Lets call the greatest distance between any 2 point D, for each point we add to the solution, we add at least D due to the triangle inequality. so the solution will be at least (k-1)*D, while any solution will have (k-1)^2 distances, none of them exceeds D, so at the worse case you get a solution k times the optimum.
I'm not sure this is the tightest bound that can be proved for this heuristic.
Step 1: Precompute dist(pi, pj) for all pairs pi,pj
Step 2: Construct a complete graph V={p1,...,pn} with edge weights w_ij = dist(pi, pj)

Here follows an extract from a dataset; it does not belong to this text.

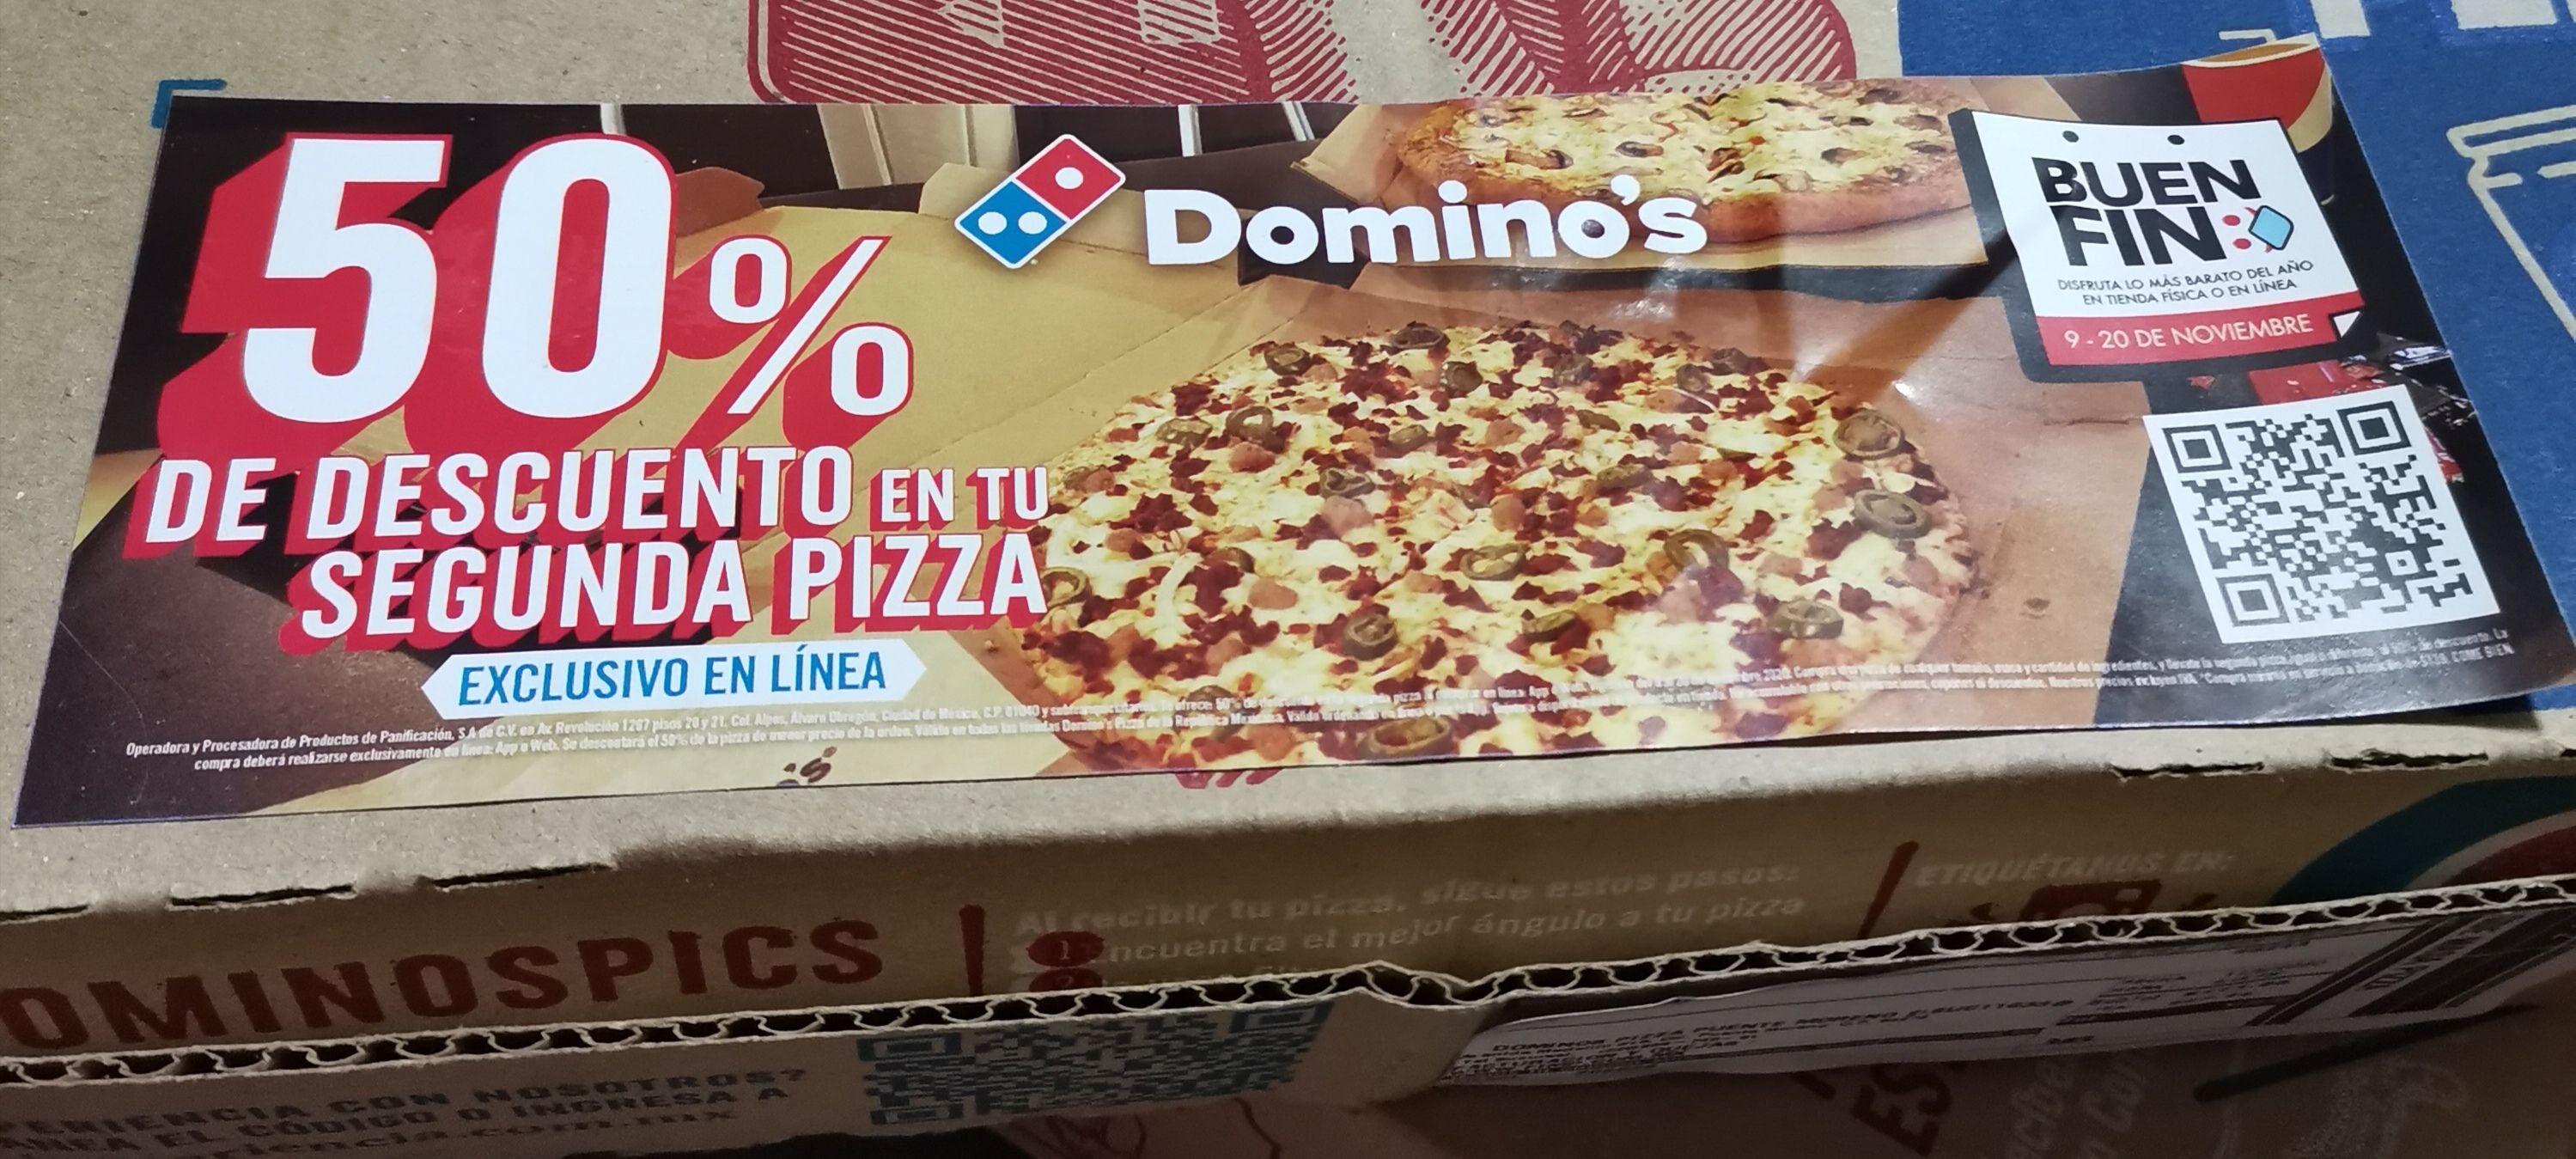 Domino's: 50% de descuento en tu segunda pizza exclusivo en línea.

Step 3: Solve the maximum edge-weighted clique (MEC) problem.
MEC is definitely NP-complete, and it is strongly related to quadratic programming. Thus, you might focus on heuristics if n is large (or even of moderate size).
Note that, by precomputing edge-weights, there are no restrictions on the distance function
Here's a working (brute-force) implementation for small n, which if nothing else shows the expressiveness of generator comprehensions:
selection = max(
itertools.combinations(points, k),
key=lambda candidate: sum(
dist(p, q) for p, q in itertools.combinations(candidate, 2)
)
)
Although this ends up calling dist
a lot:
(k! / 2! / (k-2)!) * (n! / k! / (n-k)! == n! /(2(k-2)!(n-k)!)